Moderate-mercury fish, best limited to one serving per week, include halibut, grouper, snapper, mahi mahi, albacore (white) tuna, and yellowfin tuna.

Seven types of fish should be avoided entirely due to high mercury levels: king mackerel, marlin, orange roughy, shark, swordfish, Gulf of Mexico tilefish, and bigeye tuna. These are particularly important to skip during pregnancy and for young children. A serving size is roughly the size of your palm, or about 4 ounces for adults.

Nutrients to Watch

Pescatarians are in a better position than vegans or vegetarians when it comes to certain nutrients, but gaps can still develop depending on food choices.

Iron is the most common concern. There are two forms of dietary iron: heme iron (found only in animal tissue) and non-heme iron (found in plants). Heme iron is absorbed at rates of 13 to 35%, while non-heme iron absorption drops to 2 to 20%. Fish and shellfish do contain heme iron, but in smaller amounts than red meat. If you’re relying heavily on plant foods with only occasional fish, your iron intake may fall short. Whole grains, legumes, and nuts contain iron but also contain phytic acid, which blocks absorption.
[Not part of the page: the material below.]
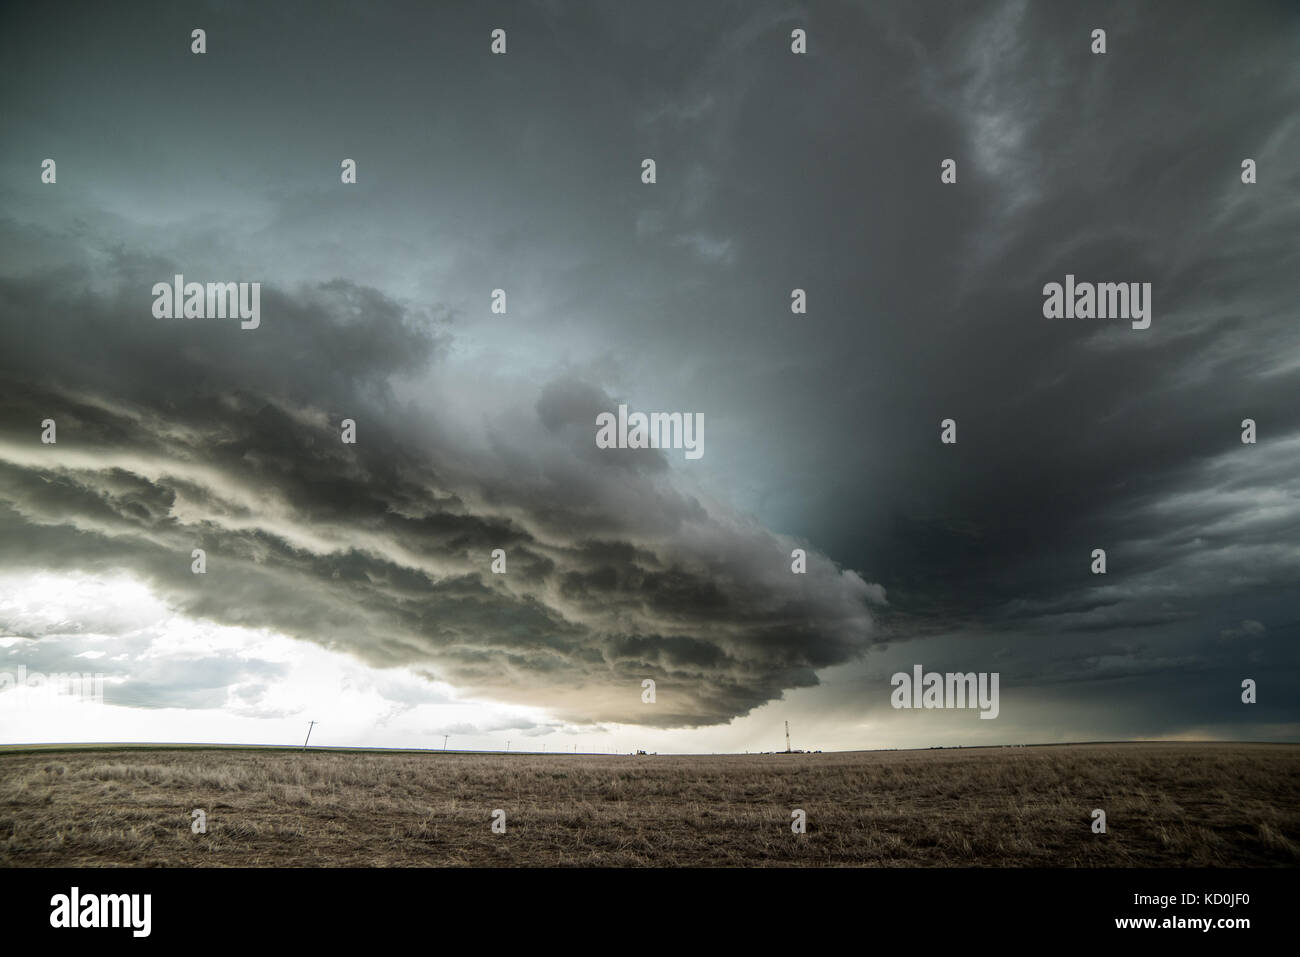 Tornado warned supercell in the eastern Colorado Plains, Yuma, Colorado, USA Stock Photo

Pairing these foods with vitamin C (citrus, bell peppers, tomatoes) significantly improves how much iron your body actually takes in.

Vitamin B12 is less of a worry for pescatarians than for vegans, since fish and shellfish are good sources. Clams, in particular, are one of the richest B12 foods available. If you also eat eggs and dairy, B12 deficiency is unlikely.

Zinc can be marginally low on any diet that excludes red meat, which is one of the most concentrated zinc sources. Shellfish (especially oysters), legumes, nuts, and seeds help fill the gap, though plant-based zinc is less efficiently absorbed for the same reasons as iron.

For most pescatarians who eat a varied diet with regular seafood, these nutrient concerns are manageable without supplements. The key is variety: rotating through different types of fish, mixing in shellfish, and eating plenty of colorful produce alongside whole grains and legumes.